## Your goal
Reproduce the entire listing exactly as written, apart from its pictures.

## Input data
#####

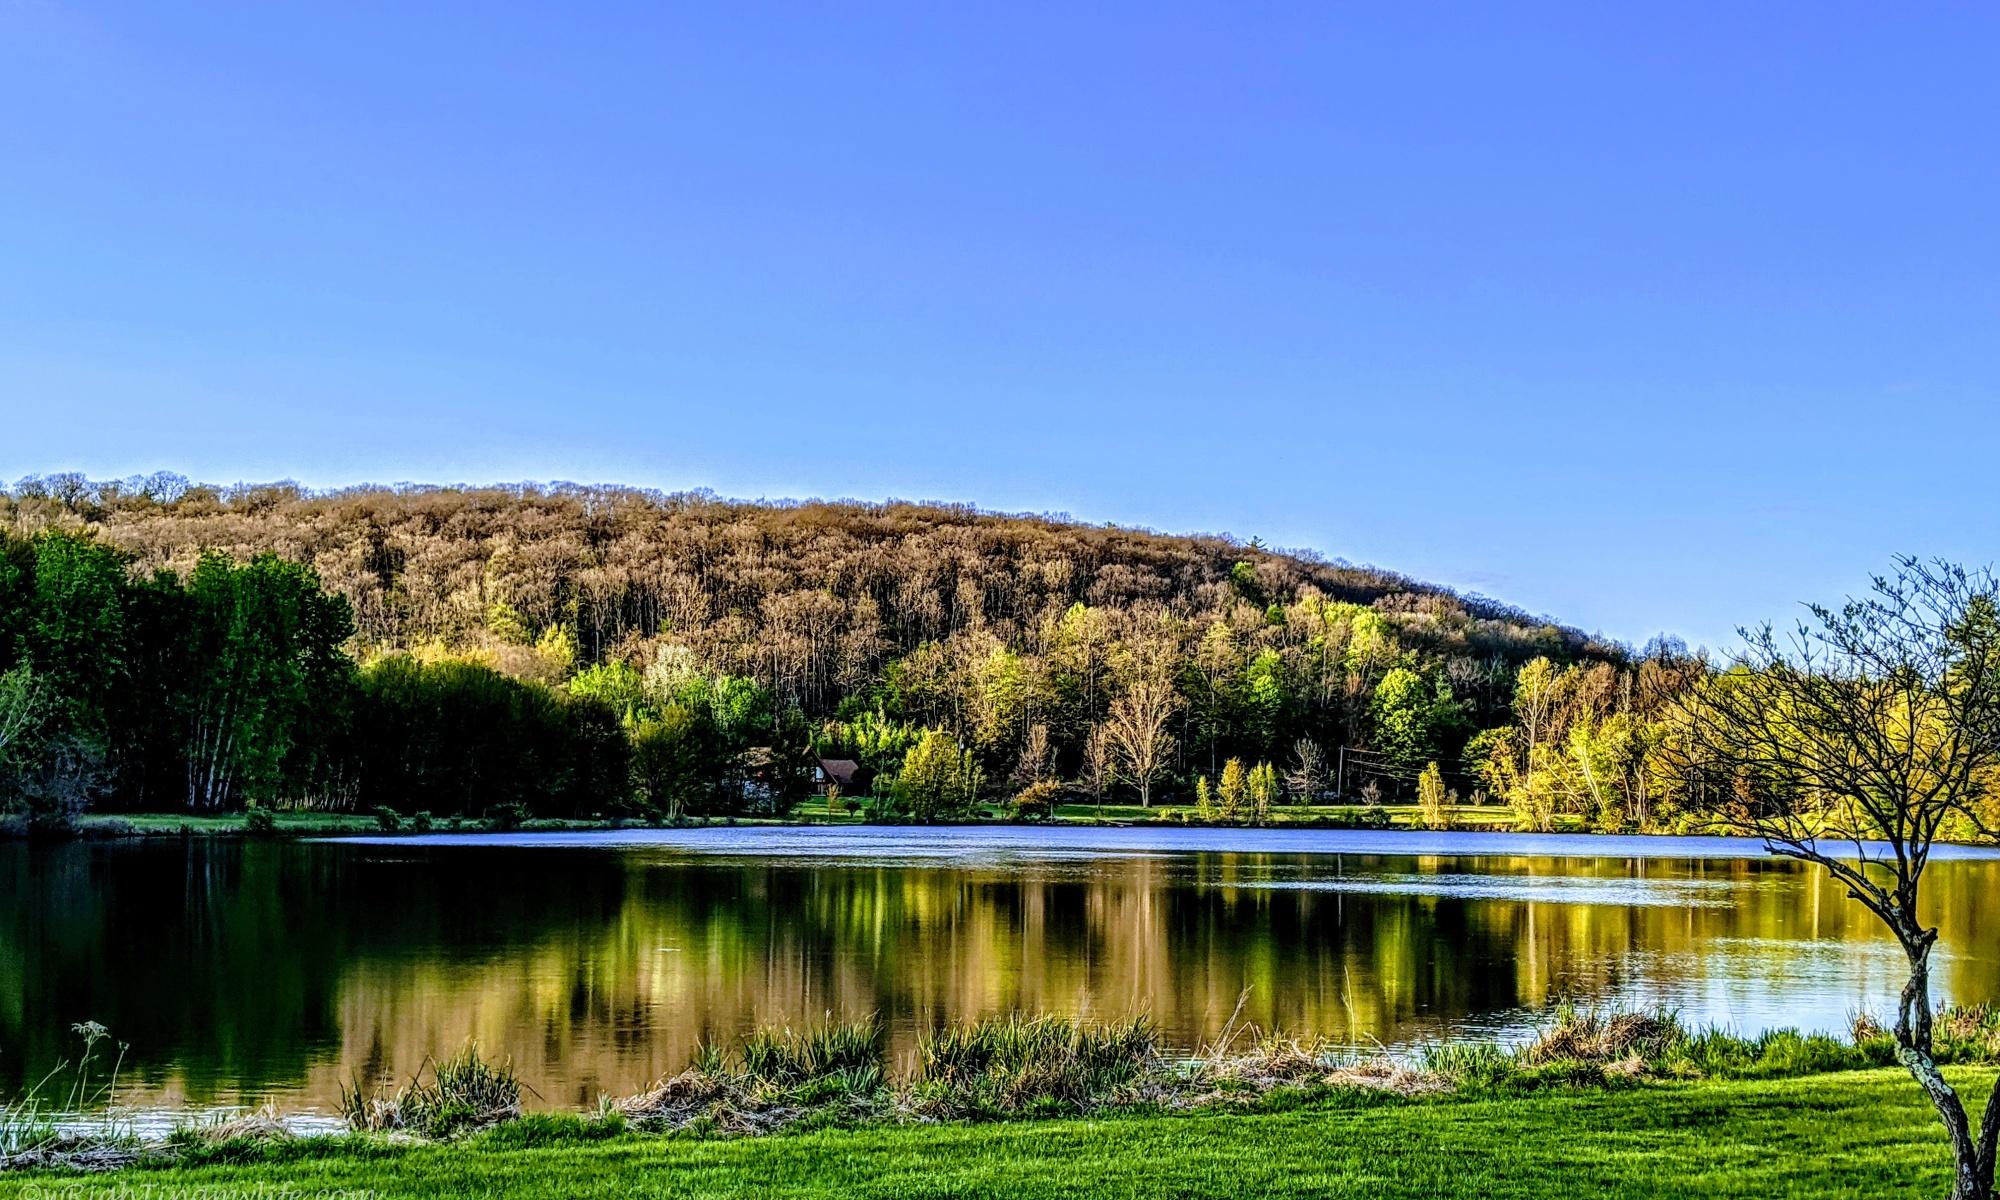 autumn trees vividly reflected
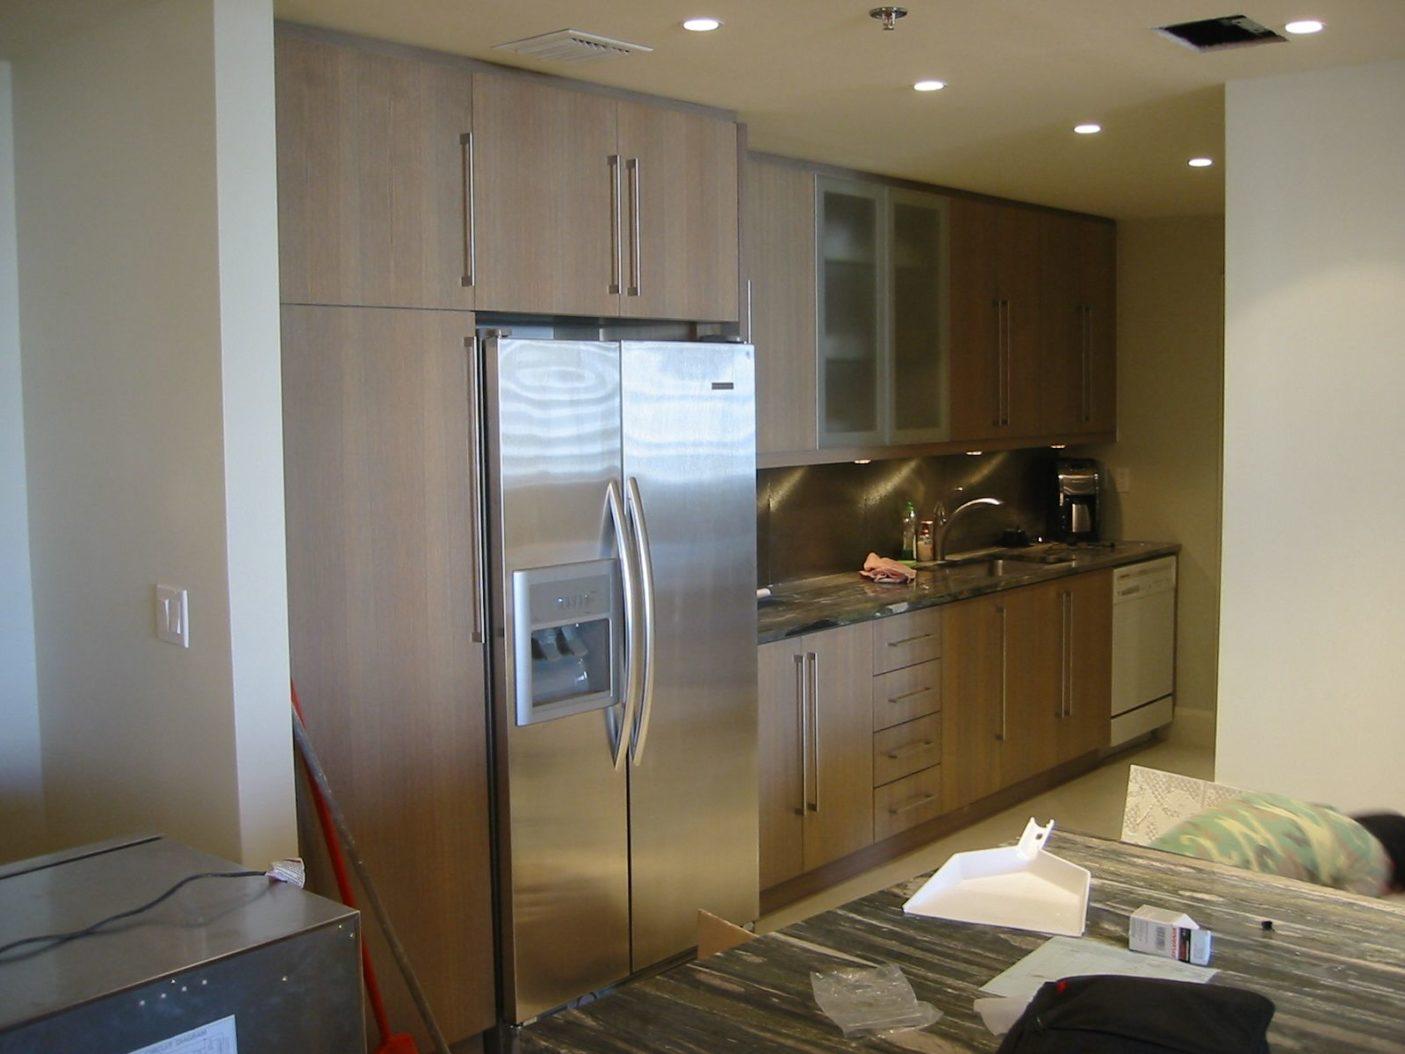 Kitchens-180.jpg
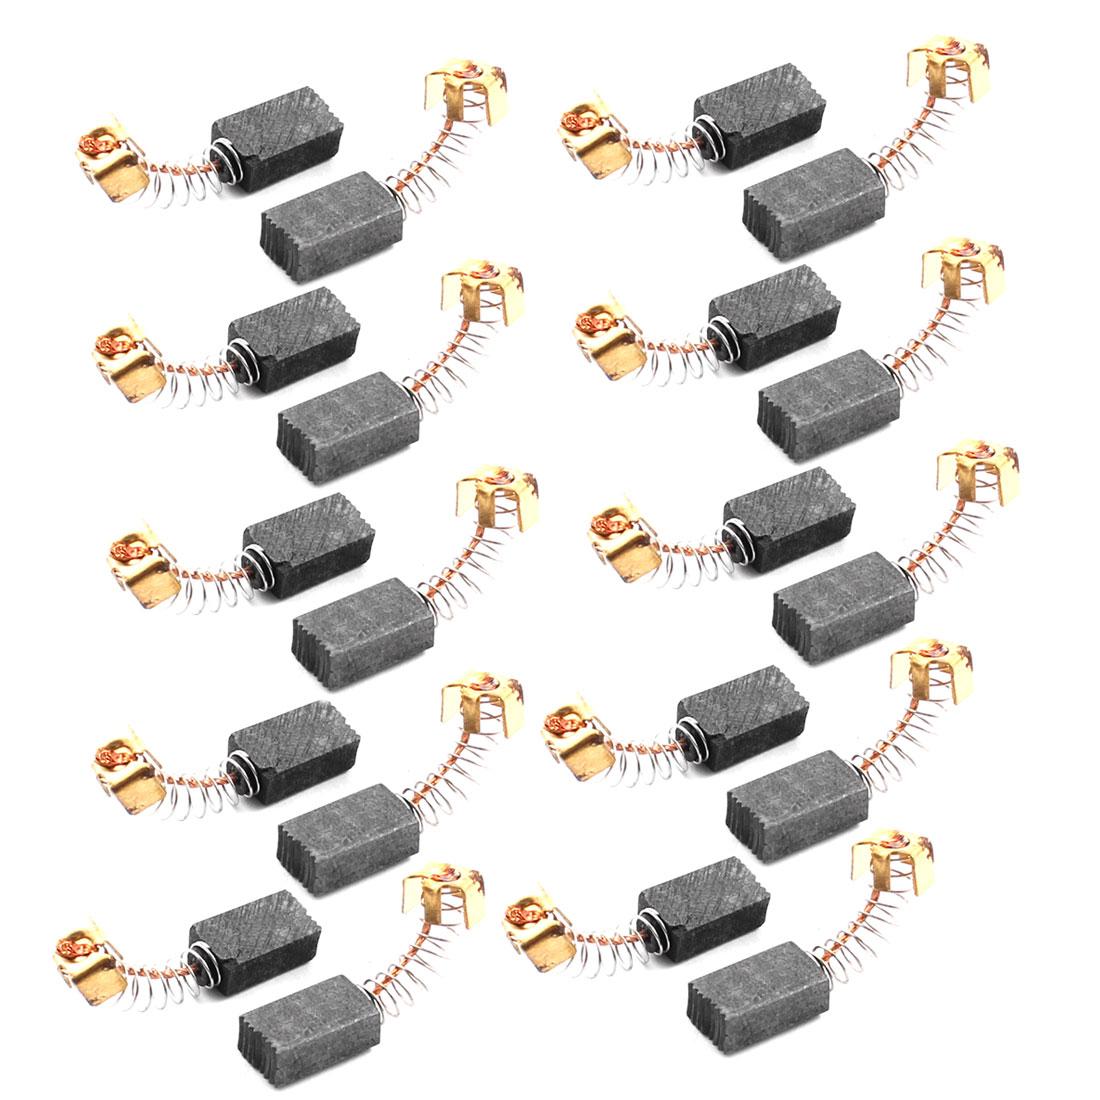 20 Pcs CB64 Electric Tool Spare Part 13mm x 8mm x 5mm Motor Carbon Brush

#####

## Problem solution
 autumn trees vividly reflected
 Kitchens-180.jpg
 20 Pcs CB64 Electric Tool Spare Part 13mm x 8mm x 5mm Motor Carbon Brush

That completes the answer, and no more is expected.